▶ **WHAT YOU HAVE TO DO**
The pictures are to be left out, and all remaining data is to be transcribed exactly as it appears.
━━━ GIVEN MATERIAL ━━━
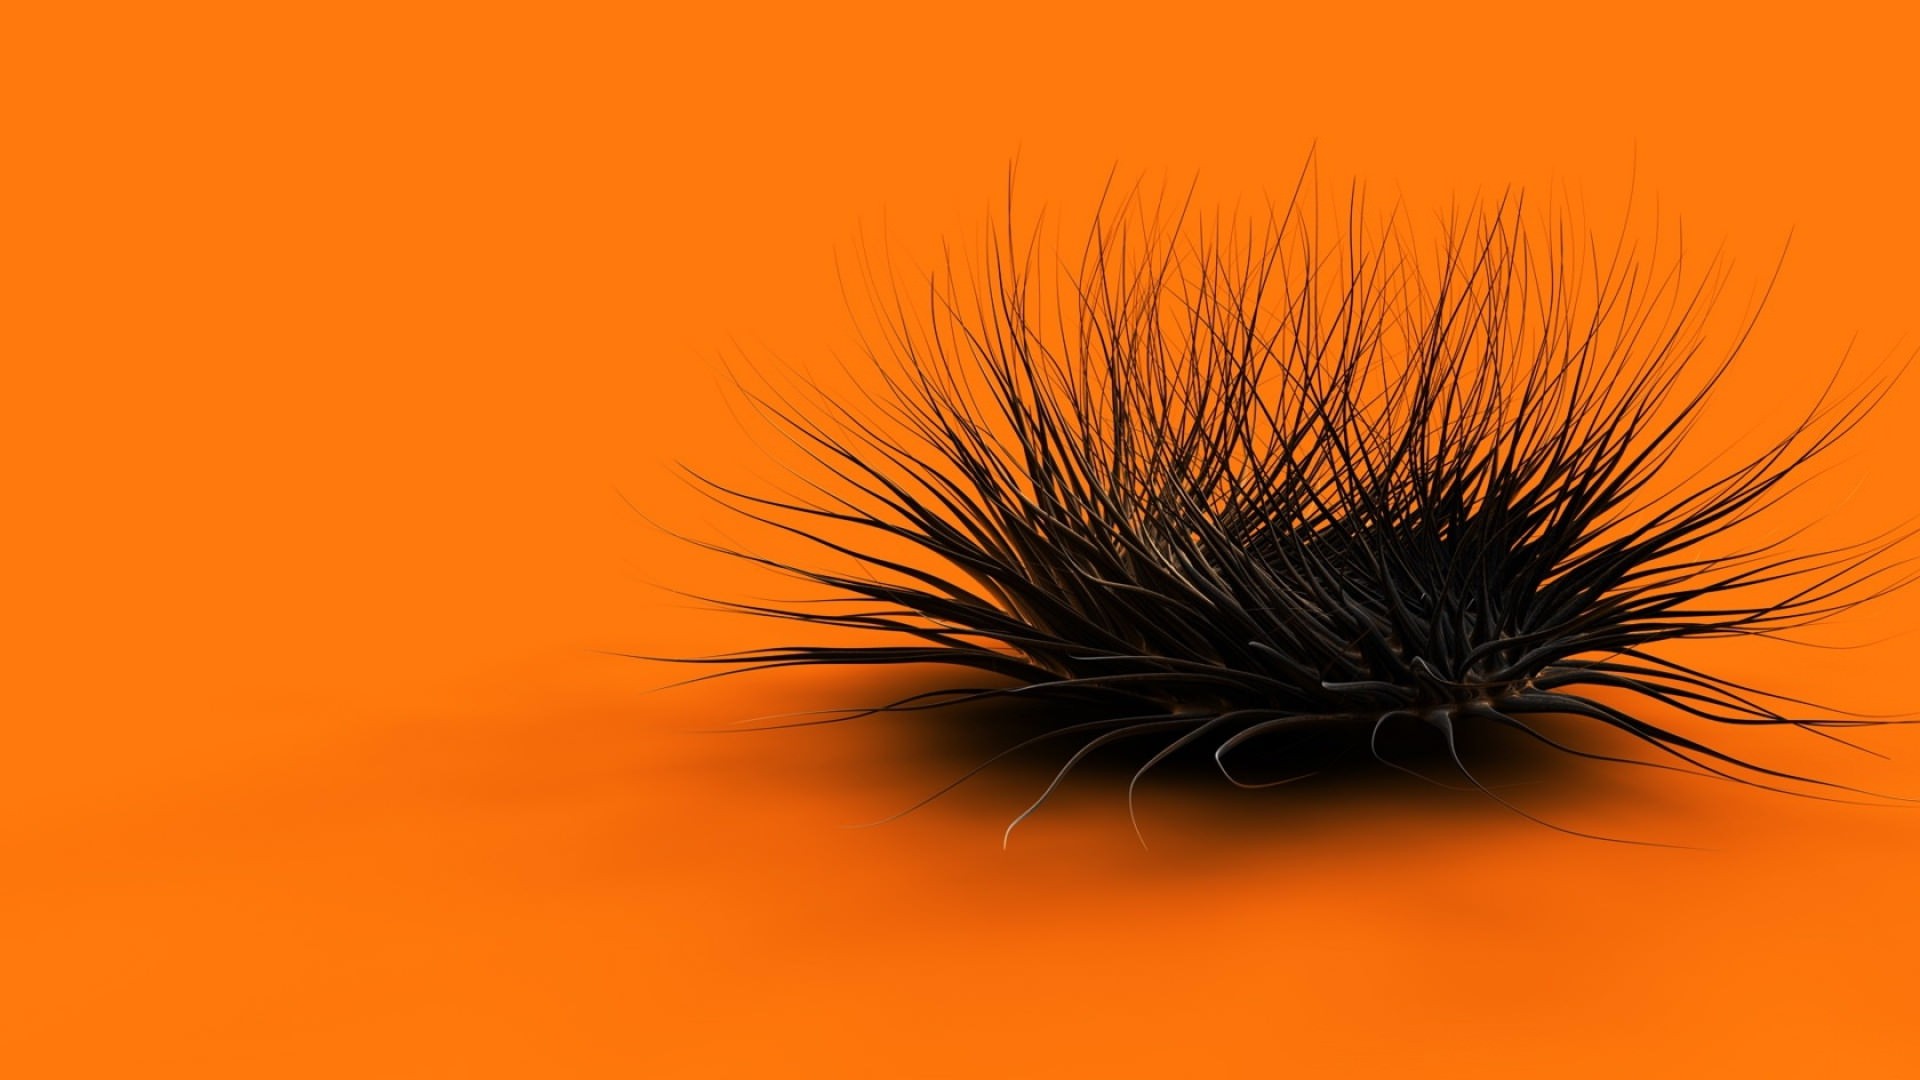  Orange  and Black  background   Download free stunning HD 
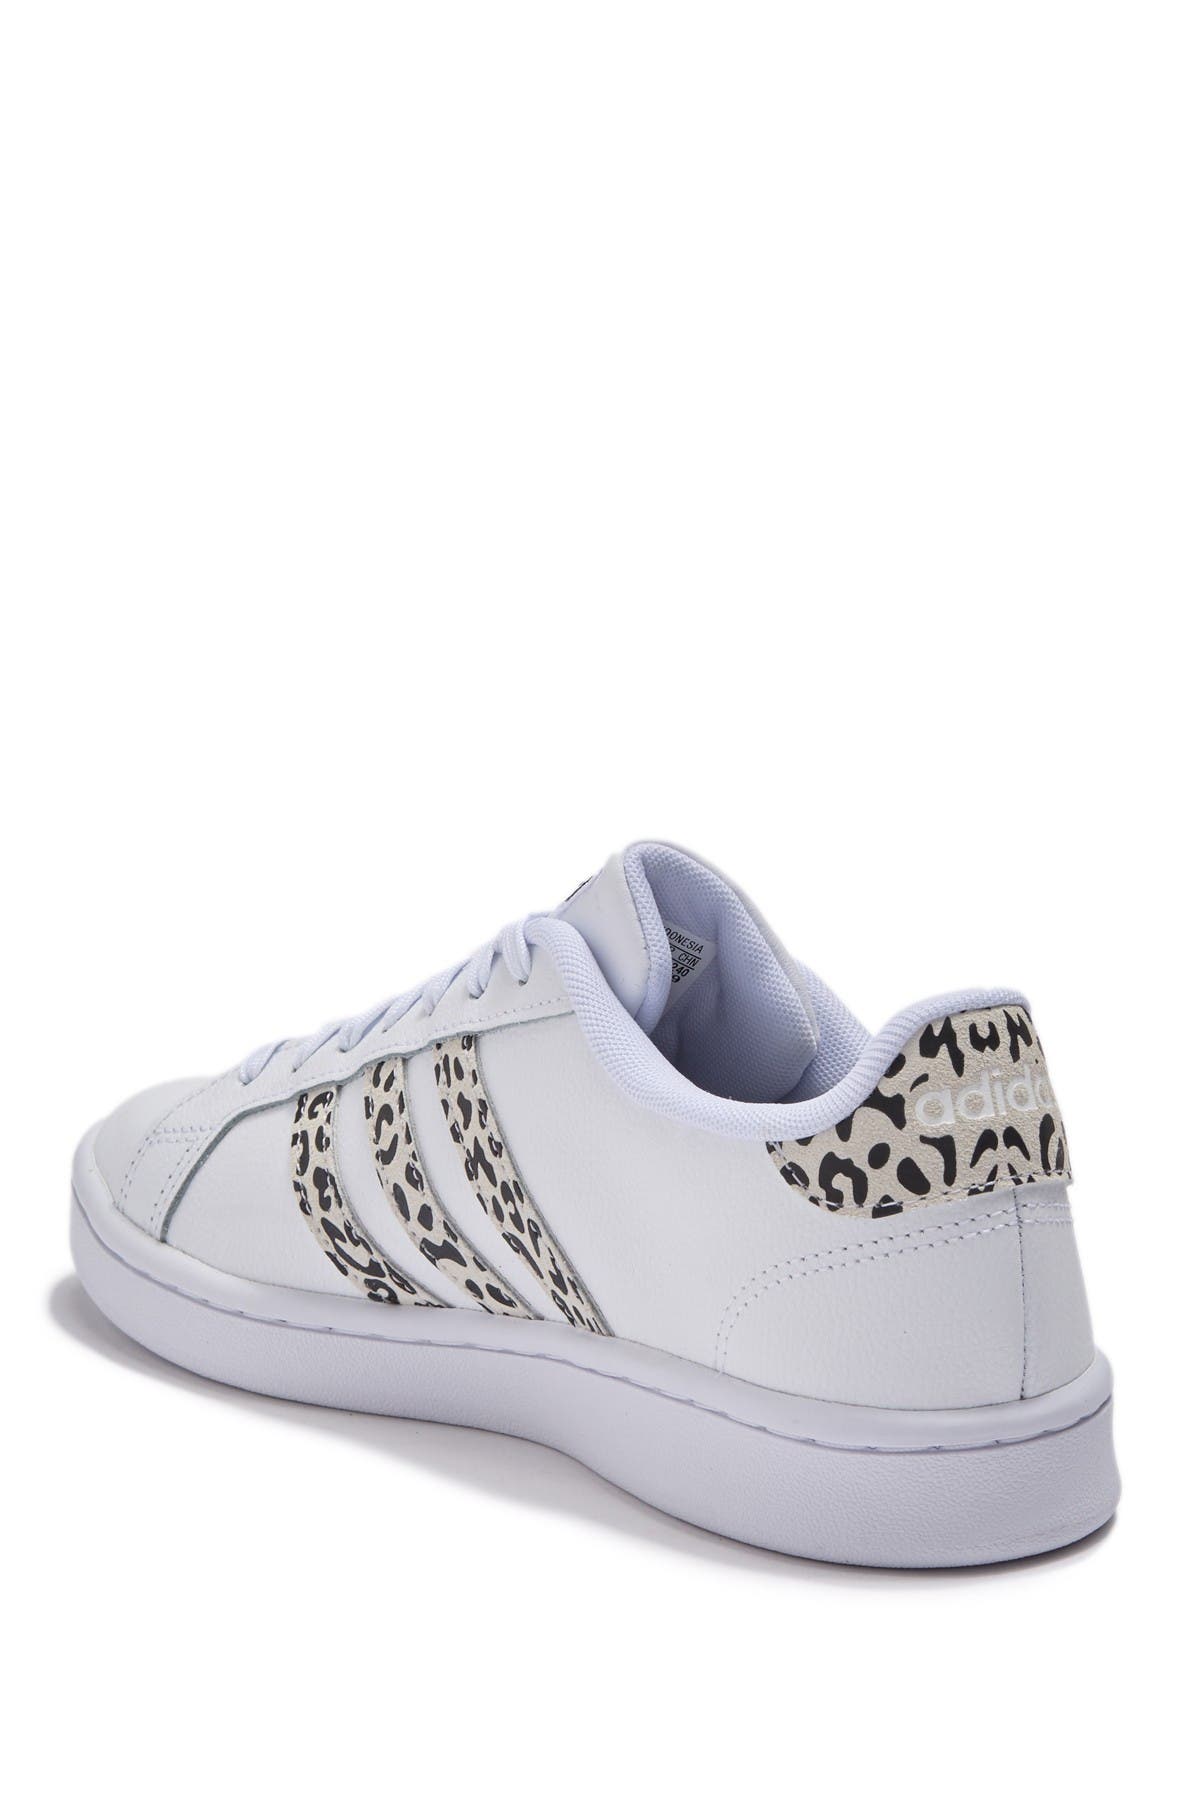 adidas leopard print sneakers canada
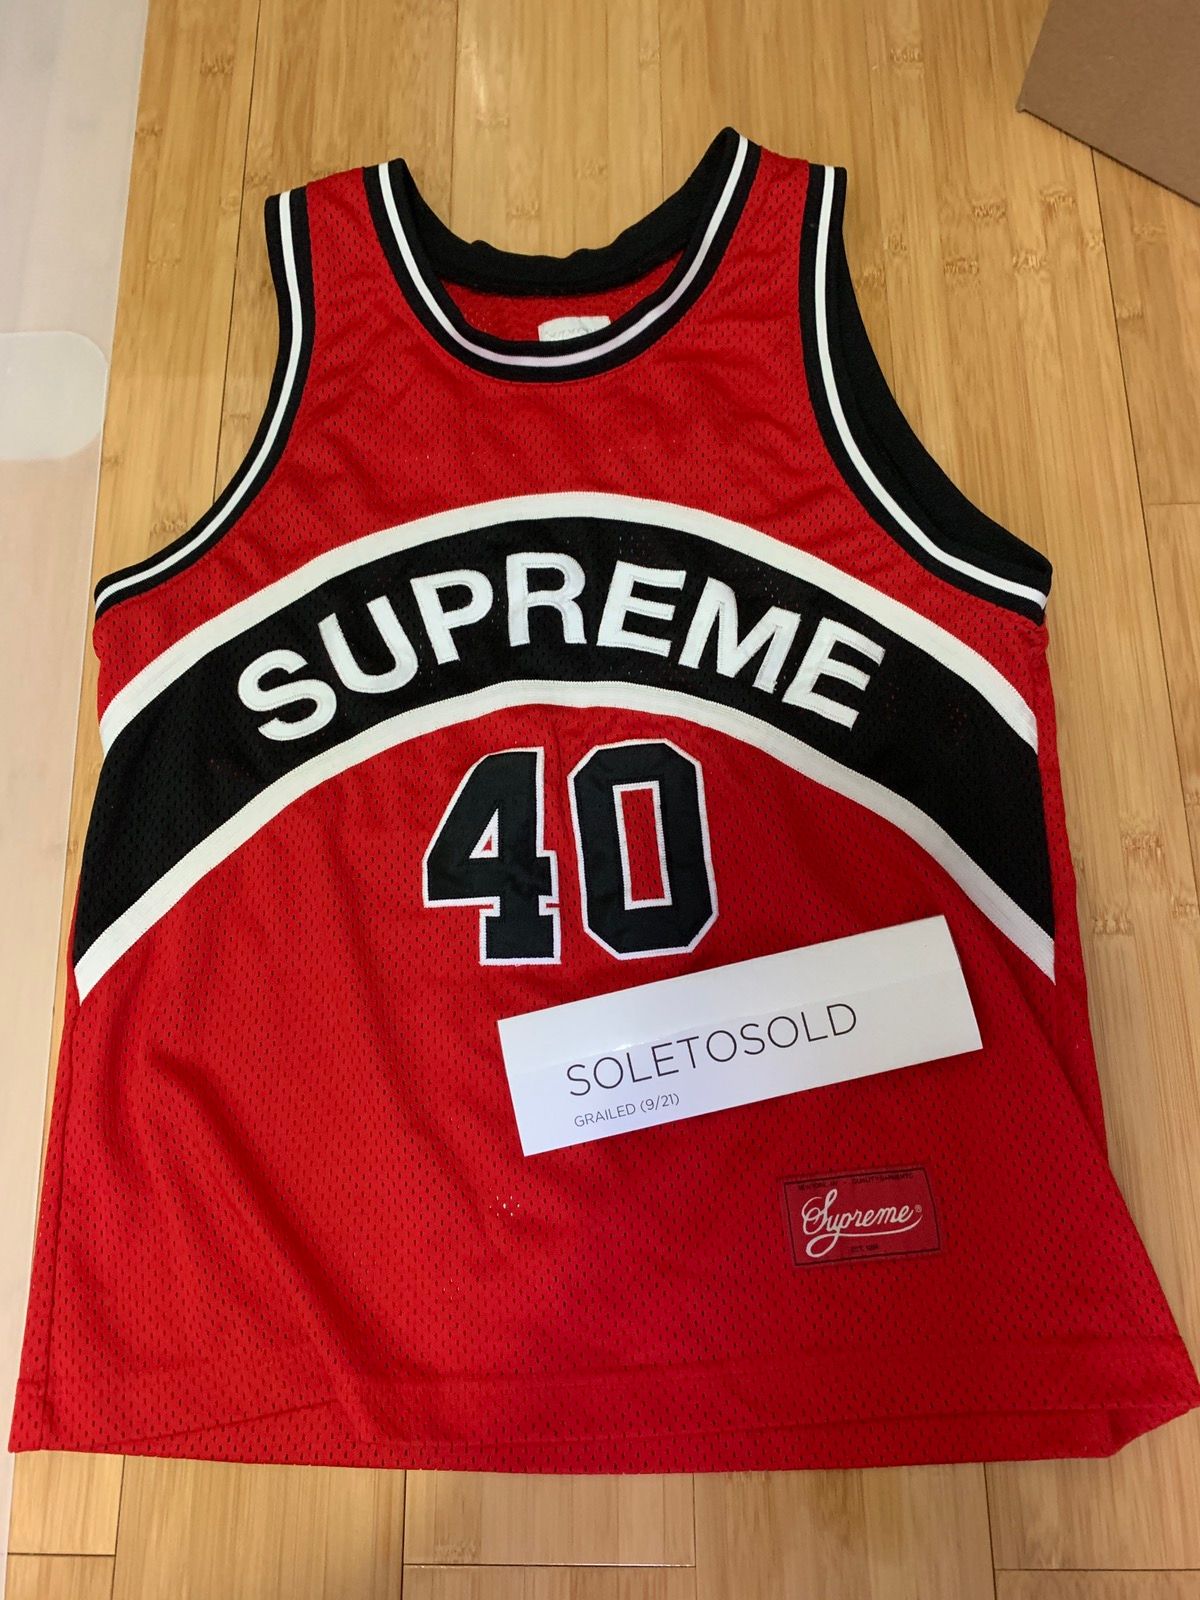 Supreme Supreme Basketball Jersey #40 - Sleeveless - M - Red/Black
━━━
▶ **EXPECTED ANSWER**
  Orange  and Black  background   Download free stunning HD 
 adidas leopard print sneakers canada
 Supreme Supreme Basketball Jersey #40 - Sleeveless - M - Red/Black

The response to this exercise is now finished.